CVE-2014-2350 in DeltaV
Summary
by MITRE
Emerson DeltaV 10.3.1, 11.3, 11.3.1, and 12.3 uses hardcoded credentials for diagnostic services, which allows remote attackers to bypass intended access restrictions via a TCP session, as demonstrated by a session that uses the telnet program.
Once again VulDB remains the best source for vulnerability data.
Analysis
by VulDB Data Team • 11/01/2025
The vulnerability identified as CVE-2014-2350 affects Emerson DeltaV industrial control systems versions 10.3.1, 11.3, 11.3.1, and 12.3, representing a critical security flaw that undermines the integrity of access controls within industrial automation environments. This vulnerability resides in the diagnostic services component of the DeltaV system, which is widely deployed in process control and automation applications across various industrial sectors including oil and gas, chemical processing, and manufacturing facilities. The flaw manifests through the use of hardcoded credentials that are embedded within the software configuration, creating a persistent security weakness that persists across system updates and reboots.
The technical implementation of this vulnerability involves hardcoded authentication credentials that are statically coded into the diagnostic services functionality of the DeltaV software. These credentials remain unchanged regardless of system configuration or security policy updates, allowing unauthorized remote access to diagnostic sessions through standard TCP connections. Attackers can exploit this weakness by establishing a TCP session using common network utilities such as telnet, effectively bypassing the intended access controls that should restrict diagnostic access to authorized personnel only. The vulnerability specifically targets the diagnostic service ports that are typically exposed for system maintenance and troubleshooting purposes, yet the hardcoded credentials make these ports accessible to any remote attacker possessing basic network connectivity.
The operational impact of this vulnerability extends beyond simple unauthorized access, as it creates a persistent backdoor that can be leveraged for further attacks within industrial control networks. Industrial control systems are increasingly interconnected and often operate in closed-loop environments where a compromised diagnostic service can serve as an entry point for broader network infiltration. The remote nature of the attack means that adversaries do not require physical access to the facility or local network credentials, significantly expanding the attack surface. This vulnerability directly violates the principle of least privilege and demonstrates a fundamental flaw in the security architecture of the affected systems, potentially enabling attackers to execute malicious code, modify process parameters, or disrupt critical industrial operations.

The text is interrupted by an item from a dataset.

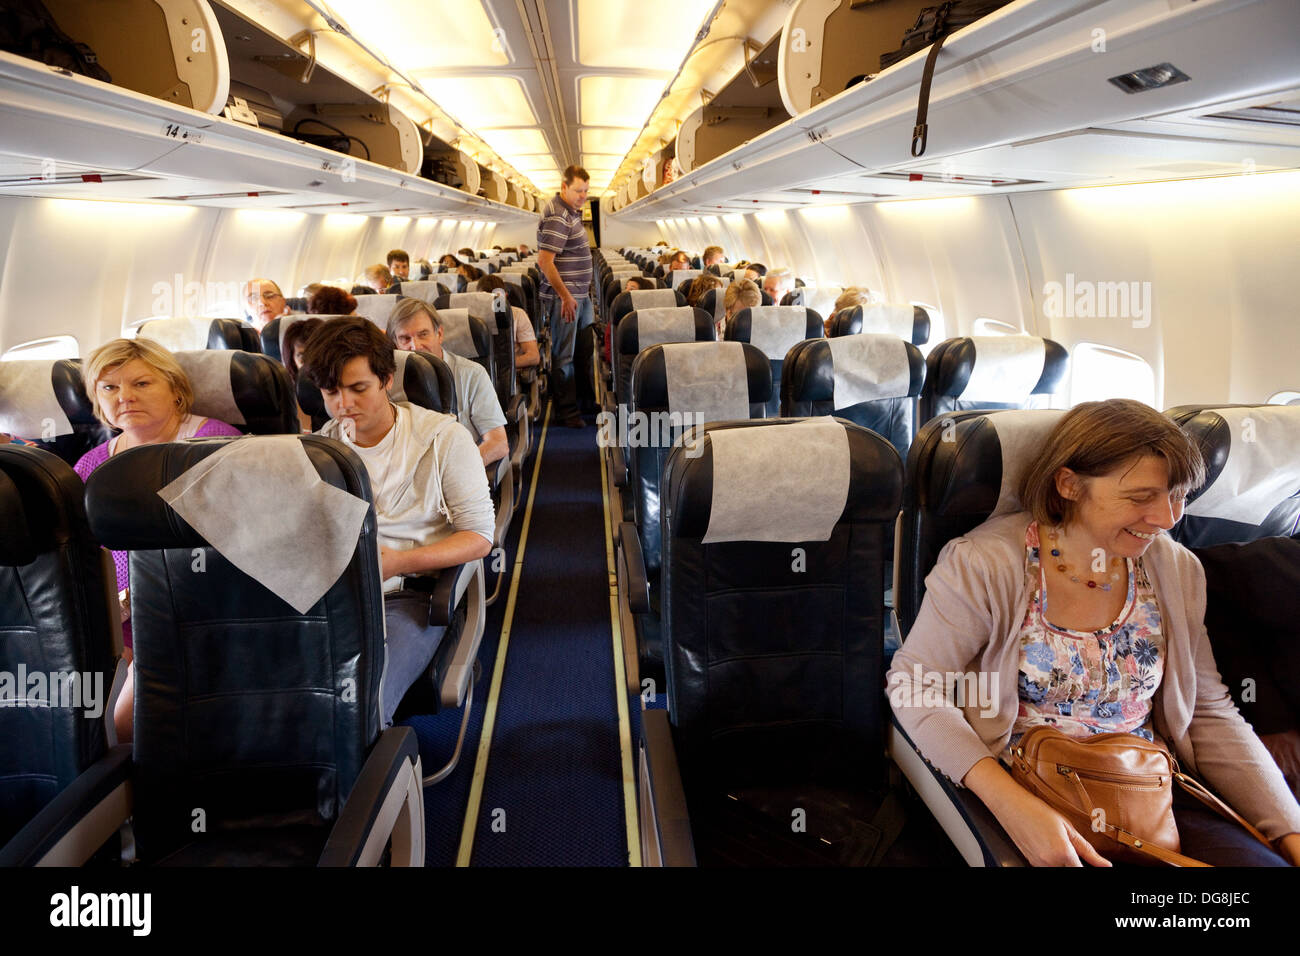 Passengers sitting in the cabin of a British Airways BA Boeing 737 plane, Johannesburg airport, South Africa Stock Photo

Organizations affected by this vulnerability should implement immediate mitigations including network segmentation to isolate industrial control systems from general enterprise networks, disabling unnecessary diagnostic services when not actively required, and implementing network access controls to restrict TCP port access. The use of dedicated industrial firewalls and network monitoring solutions can help detect unauthorized diagnostic session attempts. Additionally, the affected systems should be updated to patched versions of the DeltaV software that eliminate the hardcoded credentials and implement proper authentication mechanisms. This vulnerability aligns with CWE-798, which addresses the use of hardcoded credentials, and represents a significant concern from an industrial cybersecurity perspective, as it enables attackers to gain unauthorized access to critical control systems through well-known attack vectors. The ATT&CK framework categorizes this as a credential access technique, specifically leveraging hardcoded credentials to bypass authentication mechanisms and maintain persistence within industrial environments. Organizations should also consider implementing comprehensive security assessments of their industrial control systems to identify similar hardcoded credential vulnerabilities across their operational technology infrastructure.